» **What this task involves**: In the data below, begin at the line with "Harga Pagar Brc" and stop after the line with "ספה תלת Relax בד אריג אפור במסדרת Evdebiz"; output those lines exactly and no pictures.

» **Material provided**:

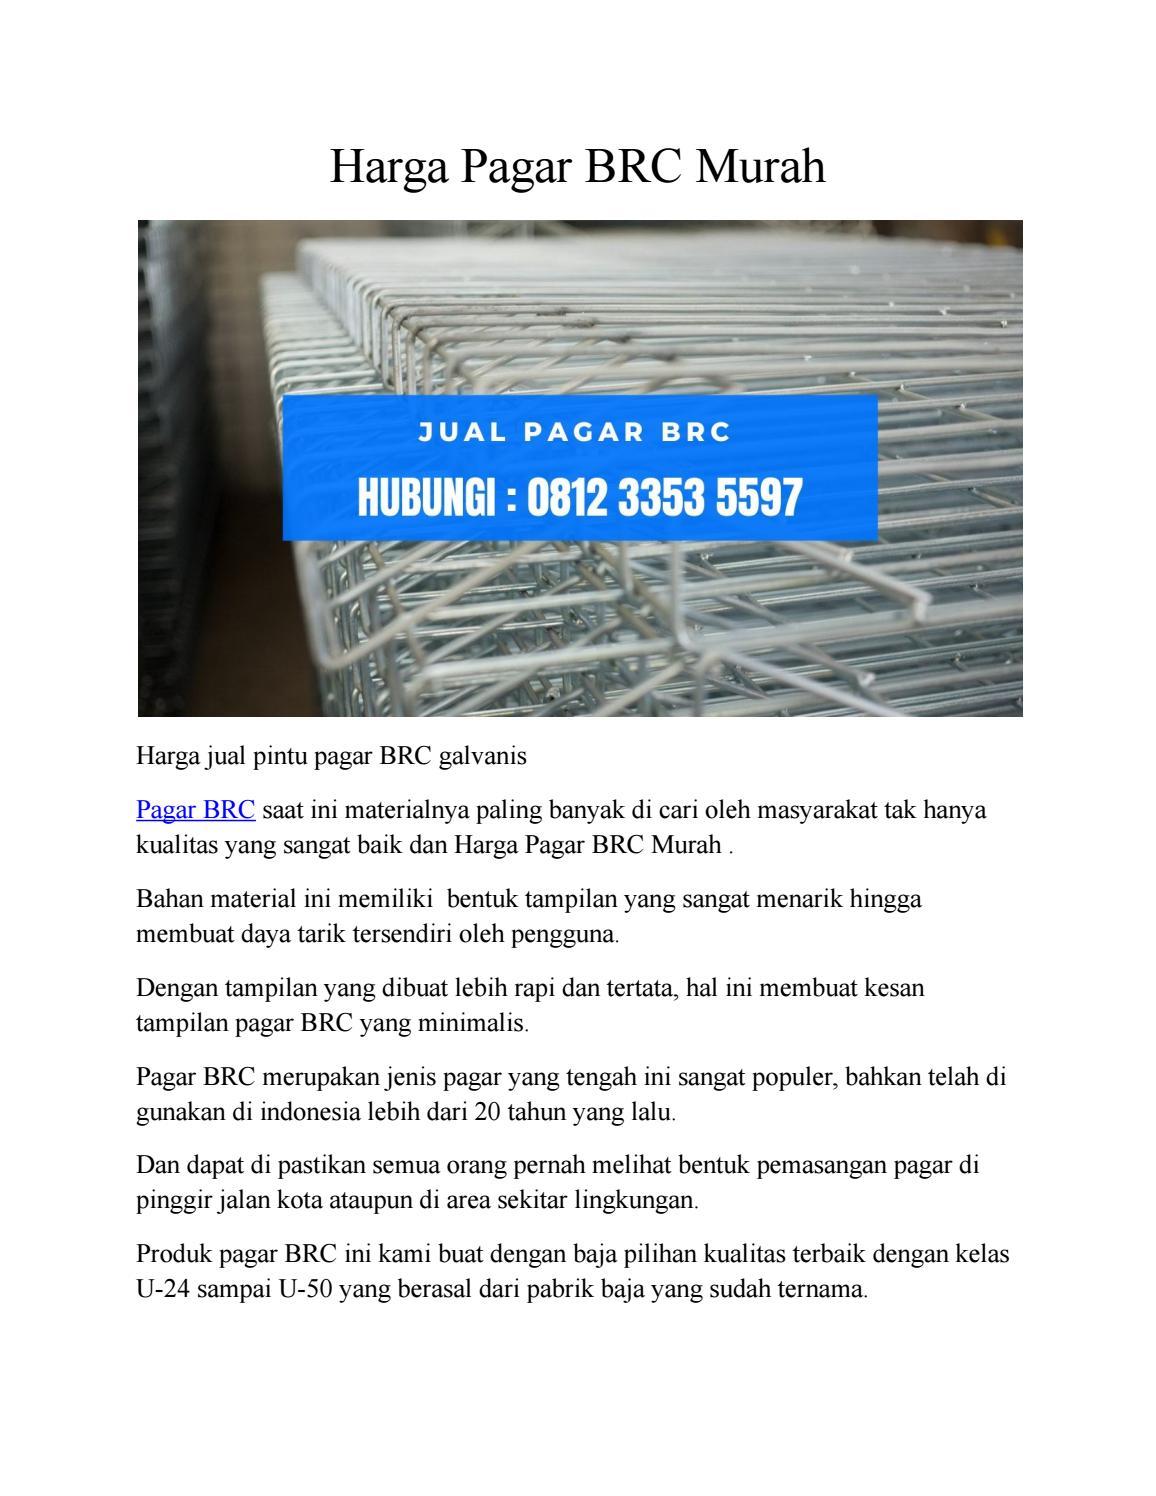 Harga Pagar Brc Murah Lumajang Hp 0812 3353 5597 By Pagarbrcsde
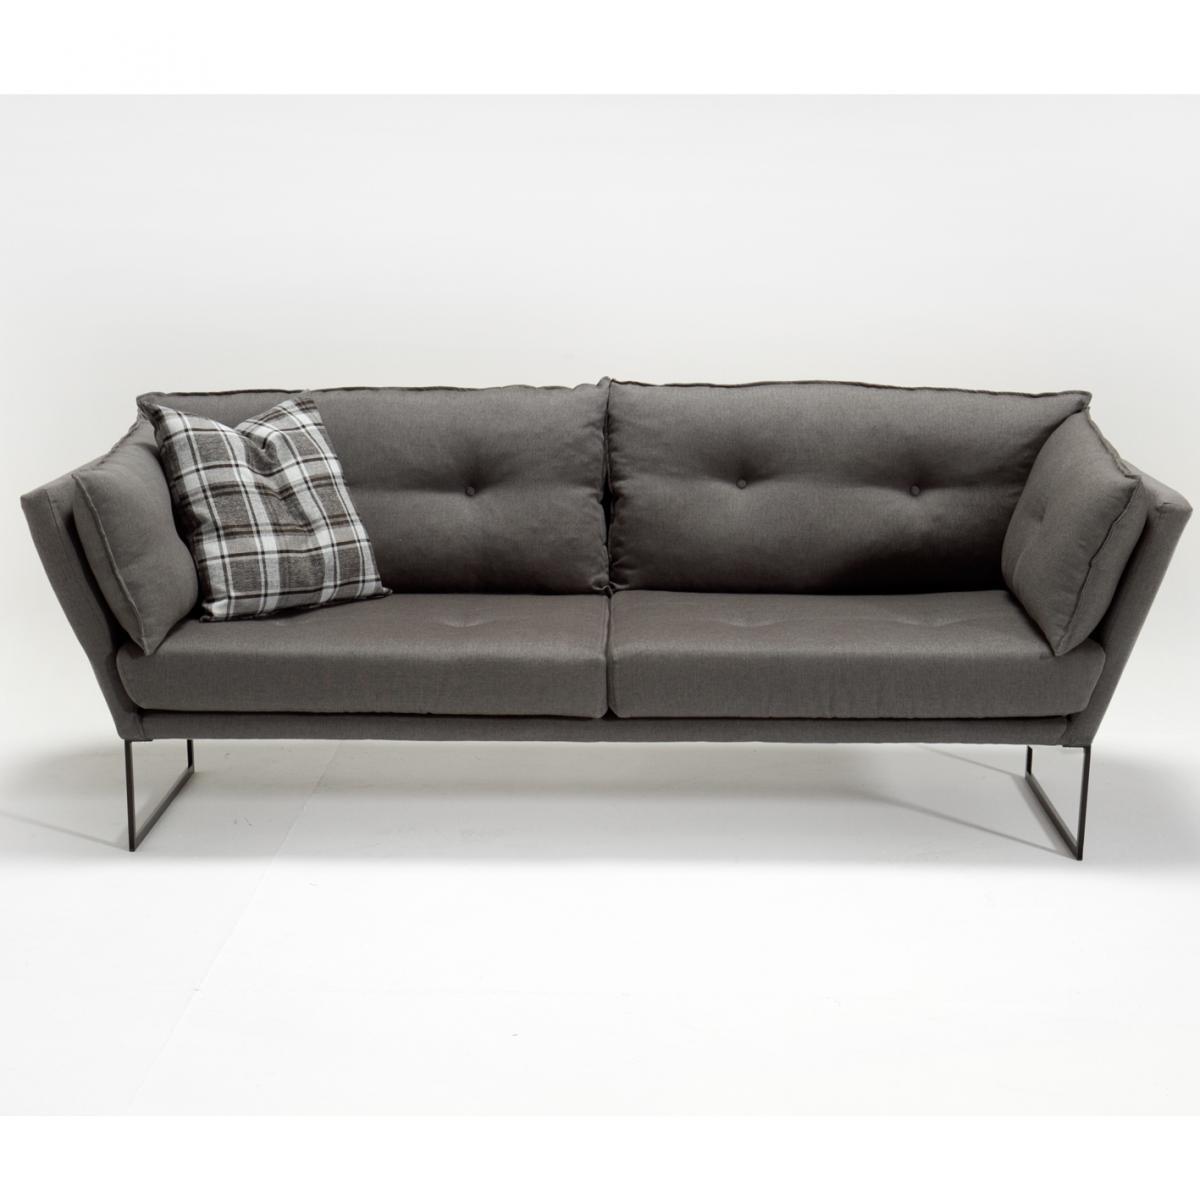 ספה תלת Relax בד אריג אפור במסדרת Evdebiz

---

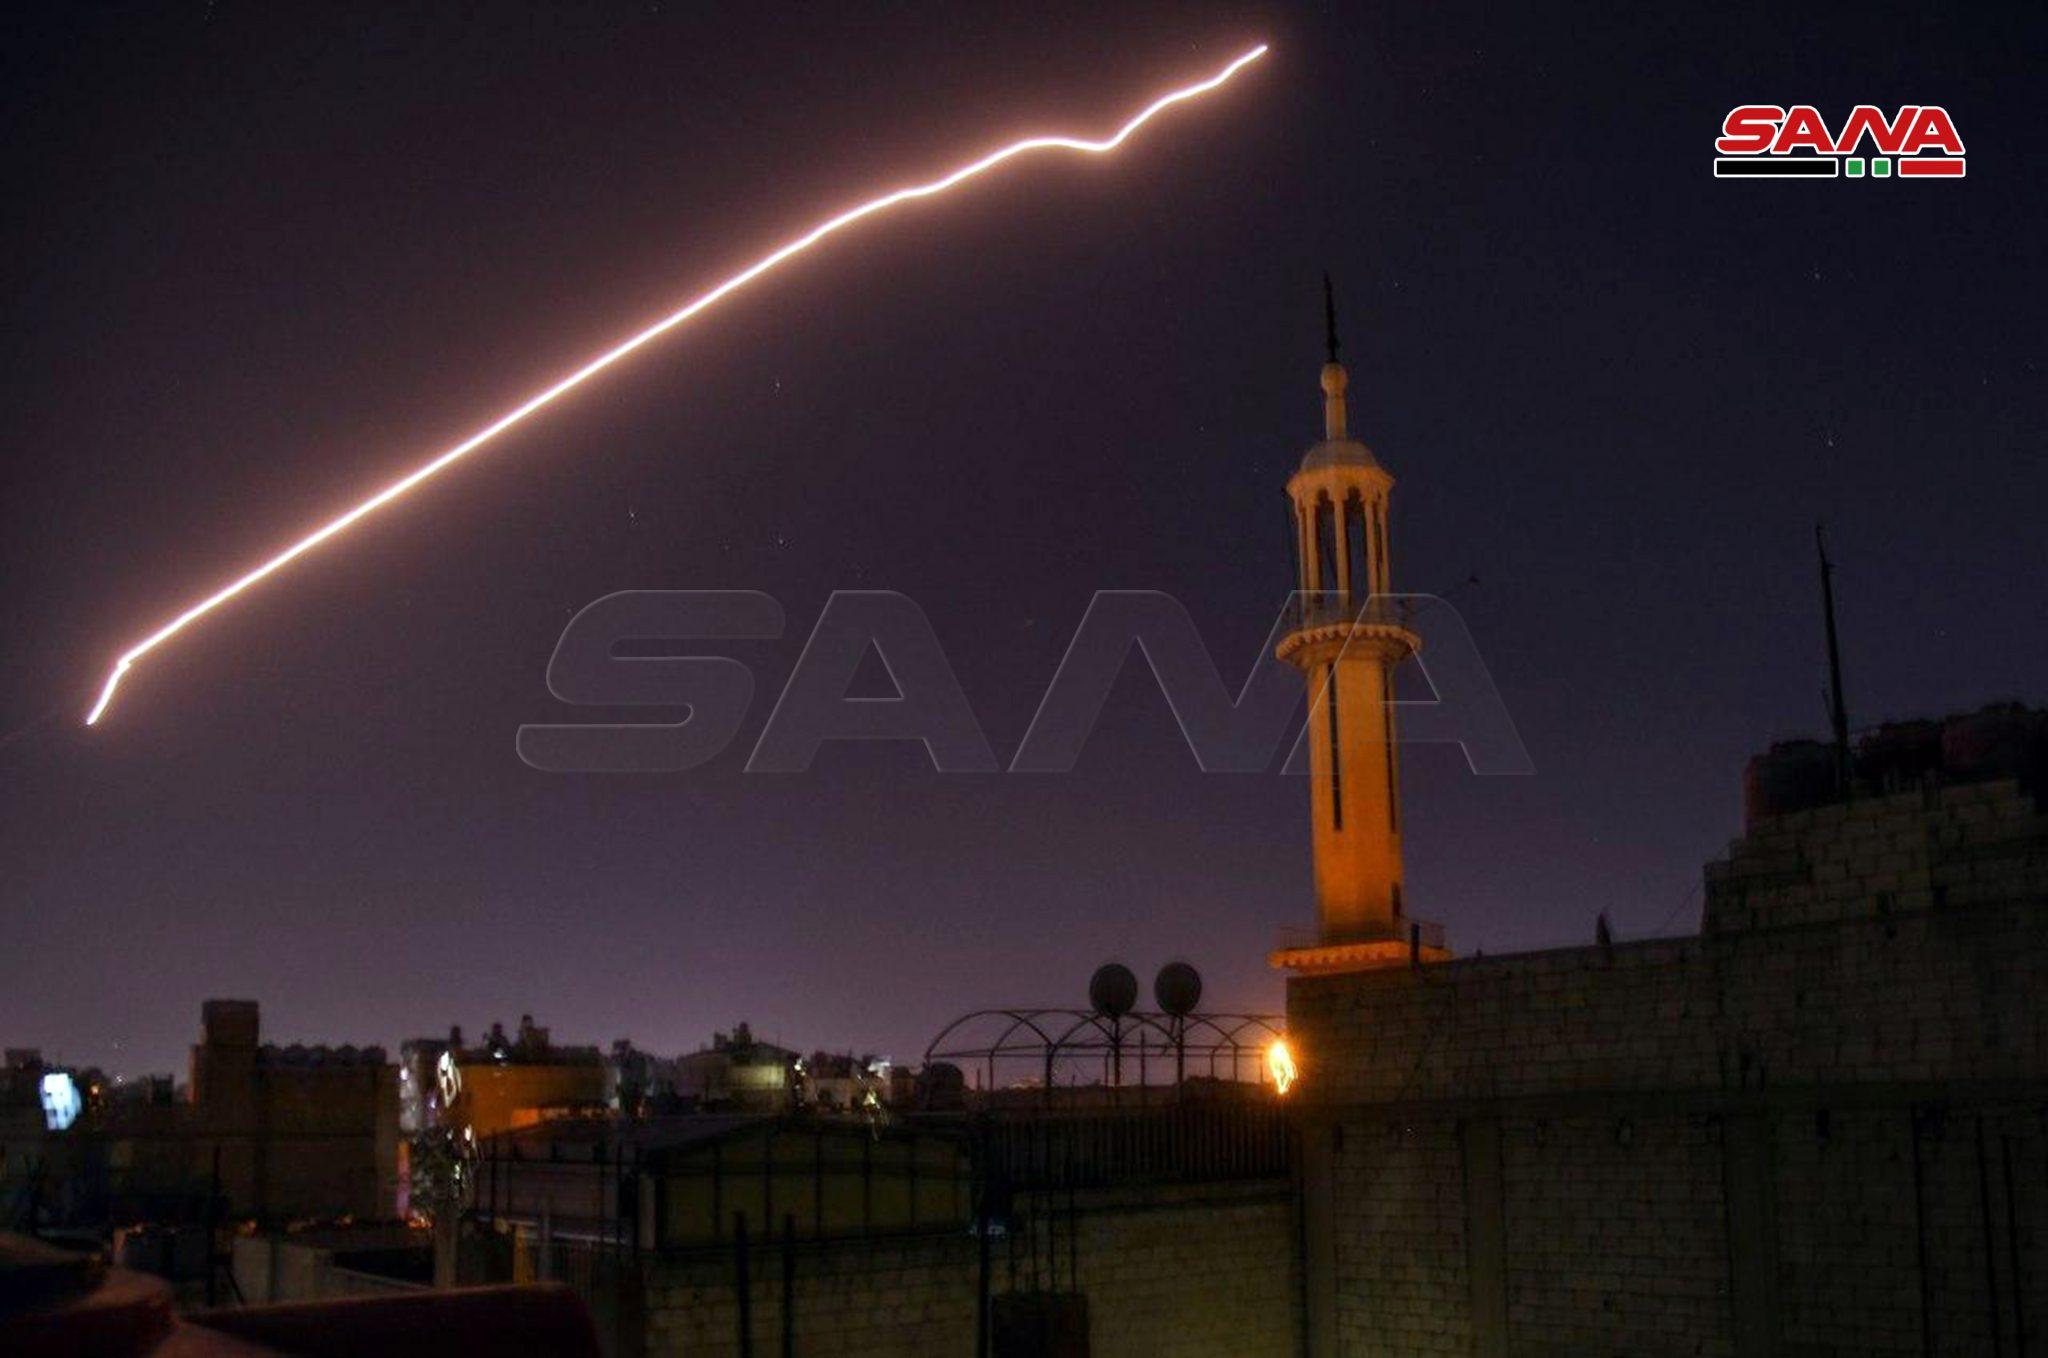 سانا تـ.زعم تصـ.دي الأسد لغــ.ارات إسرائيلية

» **Solved problem**:
 Harga Pagar Brc Murah Lumajang Hp 0812 3353 5597 By Pagarbrcsde
 ספה תלת Relax בד אריג אפור במסדרת Evdebiz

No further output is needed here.